Re: Change pg_last_xlog_receive_location not to move backwards

From

Stephen Frost

Date:

12 February 2011, 11:49:21

* Robert Haas (robertmhaas@gmail.com) wrote:
> I think a big part of the problem here is that we have wildly
> inconsistent terminology for no especially good reason.

Agreed.

> Thoughts, comments?

I thought about this for a bit and agree w/ your suggestions.

So, +1 from me.
Thanks,
    Stephen

Re: Change pg_last_xlog_receive_location not to move backwards

From

Simon Riggs

Date:

12 February 2011, 13:32:00

On Sat, 2011-02-12 at 09:32 -0500, Robert Haas wrote:
> On Fri, Feb 11, 2011 at 12:52 PM, Stephen Frost <sfrost@snowman.net> wrote:
> > * Robert Haas (robertmhaas@gmail.com) wrote:
> >> Actually... wait a minute.  Now that I'm thinking about this a little
> >> more, I'm not so convinced.  If we leave this the way is, and just
> >> paper over the problem using the method Stephen and I both had in
> >> mind, then we could be streaming from a position that precedes the
> >> so-called "current" position.  And worse, the newly introduced replies
> >> to the master will still show the position going backward, so the
> >> master will reflect a position that is earlier that the position the
> >> slave reports for itself, not because of any real difference but
> >> because of a reporting difference.  That sure doesn't seem good.
> >
> > I'm really not sure it's as bad as all that...  The slave and the master
> > are only going to be "out of sync" wrt position until the slave sends
> > the request for update to the master, gets back the result, and checks
> > the XLOG header, right?
> 
> It'll restream the whole segment up to wherever it was, but basically, yes.
> 
> I think a big part of the problem here is that we have wildly
> inconsistent terminology for no especially good reason.  The standby
> reports three XLOG positions to the master, currently called write,
> flush, and apply.  The walreceiver reports positions called
> recievedUpTo and lastChunkStart.  receivedUpTo is actually the FLUSH
> position, and lastChunkStart is the previous flush position, except
> when the walreceiver first starts, when it's the position at which
> streaming is to begin.
> 
> So, what if we did some renaming?  I'd be inclined to start by
> renaming "receivedUpTo" to Flush, and add a new position called
> Stream.  When walreciever is started, we set Stream to the position at
> which streaming is going to begin (which can rewind) and leave Flush
> alone (so it never rewinds).

OK

>   We then change the walreceiver feedback
> mechanism to use the term stream_location rather than write_location;

OK

> and we could consider replacing pg_last_xlog_receive_location() with
> pg_last_xlog_stream_location() and pg_last_xlog_flush_location().
> That's a backward compatibility break, but maybe it's worth it for the
> sake of terminological consistency, not to mention accuracy.

Don't see a need to break anything.
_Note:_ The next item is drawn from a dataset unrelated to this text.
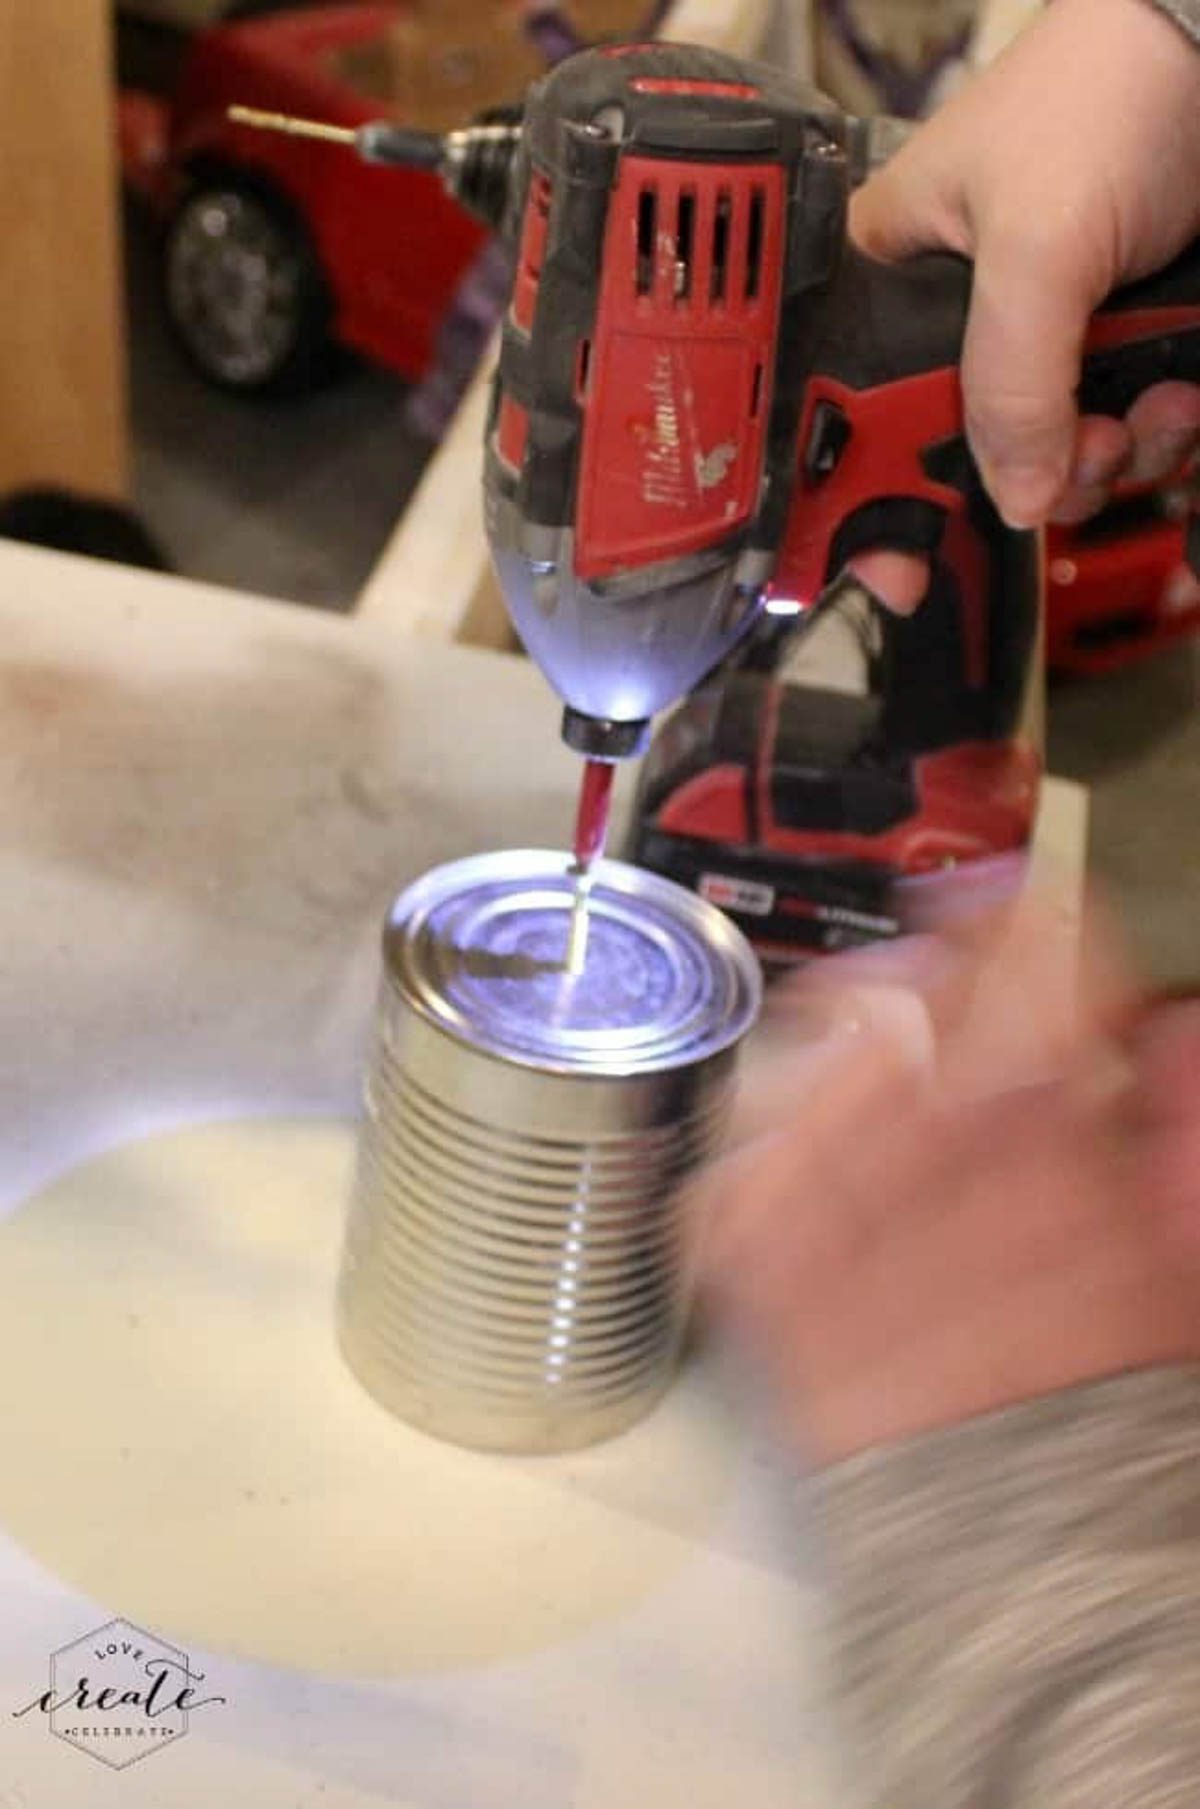 Using a drill and screw to drill into tin can
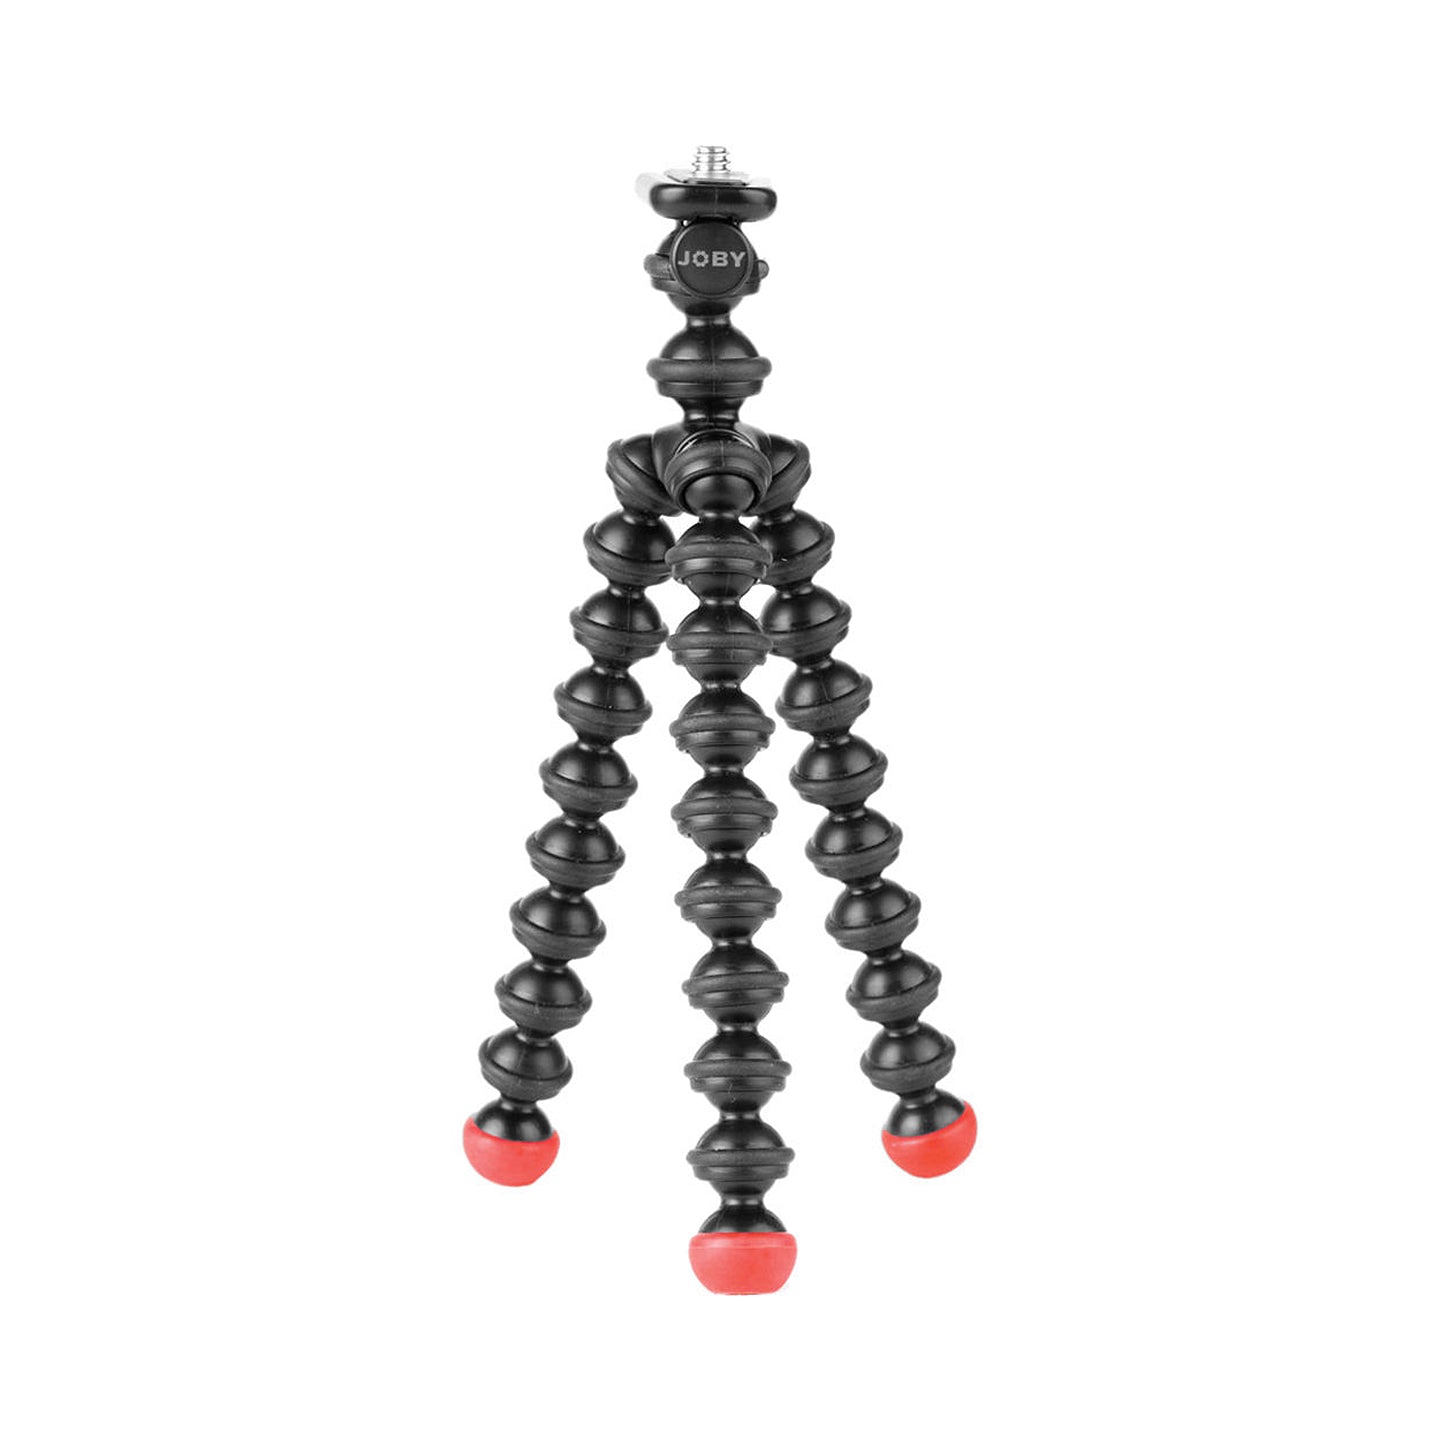 JOBY GorillaPod Magnetic Tripod with GripTight XL Smartphone Mount, 360 Degree Rotation, Quick Release Clip, Rubberized Rings and Feet | 1372

OK with two new function names.

> I'd also be inclined to go to the walreceiver code and and rename the
> apply_location to replay_location, so that it matches
> pg_last_xlog_replay_location().  The latter is in 9.0, but the former
> is new to 9.1, so we can still fix it to be consistent without a
> backward compatibility break.

Any renaming of things should be done as cosmetic fixes after important
patches are in.

-- Simon Riggs           http://www.2ndQuadrant.com/books/PostgreSQL Development, 24x7 Support, Training and Services

Re: Change pg_last_xlog_receive_location not to move backwards

From

Simon Riggs

Date:

12 February 2011, 13:32:25

On Mon, 2011-01-31 at 16:12 +0900, Fujii Masao wrote:
> On Sun, Jan 30, 2011 at 10:44 AM, Jeff Janes <jeff.janes@gmail.com> wrote:
> > I do not understand what doing so gets us.
> >
> > Say we previously received 2/3 of a WAL file, and replayed most of it.
> > So now the shared buffers have data that has been synced to that WAL
> > file already, and some of those dirty shared buffers have been written
> > to disk and some have not.  At this point, we need the data in the first
> > 2/3 of the WAL file in order to reach a consistent state.  But now we
> > lose the connection to the master, and then we restore it.  Now we
> > request the entire file from the start rather than from where it
> > left off.
> >
> > Either of two things happens.  Most likely, the newly received WAL file
> > matches the file it is overwriting, in which case there was no
> > point in asking for it.
> >
> > Less likely, the master is feeding us gibberish.  By requesting the
> > full WAL file, we check the header and detect that the master is feeding
> > us gibberish.  Unfortunately, we only detect that fact *after* we have
> > replaced a critical part of our own (previously good) copy of the WAL
> > file with said gibberish.  The standby is now in an unrecoverable state.
> 
> Right. To avoid this problem completely, IMO, walreceiver should validate
> the received WAL data before writing it. Or, walreceiver should write the
> WAL to the transient file, and the startup process should rename it to the
> correct name after replaying it.
> 
> We should do something like the above?
> 
> > With a bit of malicious engineering, I have created this situation.
> > I don't know how likely it is that something like that could happen
> > accidentally, say with a corrupted file system.  I have been unable
> > to engineer a situation where checking the header actually does
> > any good.  It has either done nothing, or done harm.
> 
> OK, I seem to have to consider again why the code which retreats the
> replication starting location exists.
> 
> At first, I added the code to prevent a half-baked WAL file. For example,
> please imagine the case where you start the standby server with no WAL
> files in pg_xlog. In this case, if replication starts from the middle of WAL
> file, the received WAL file is obviously broken (i.e., with no WAL data in
> the first half of file). This broken WAL file might cause trouble when we
> restart the standby and even when we just promote it (because the last
> applied WAL file is re-fetched at the end of recovery).
> 
> OTOH, we can start replication from the middle of WAL file if we can
> *ensure* that the first half of WAL file already exists. At least, when the
> standby reconnects to the master, we might be able to ensure that and
> start from the middle.

Some important points here, but it seems complex.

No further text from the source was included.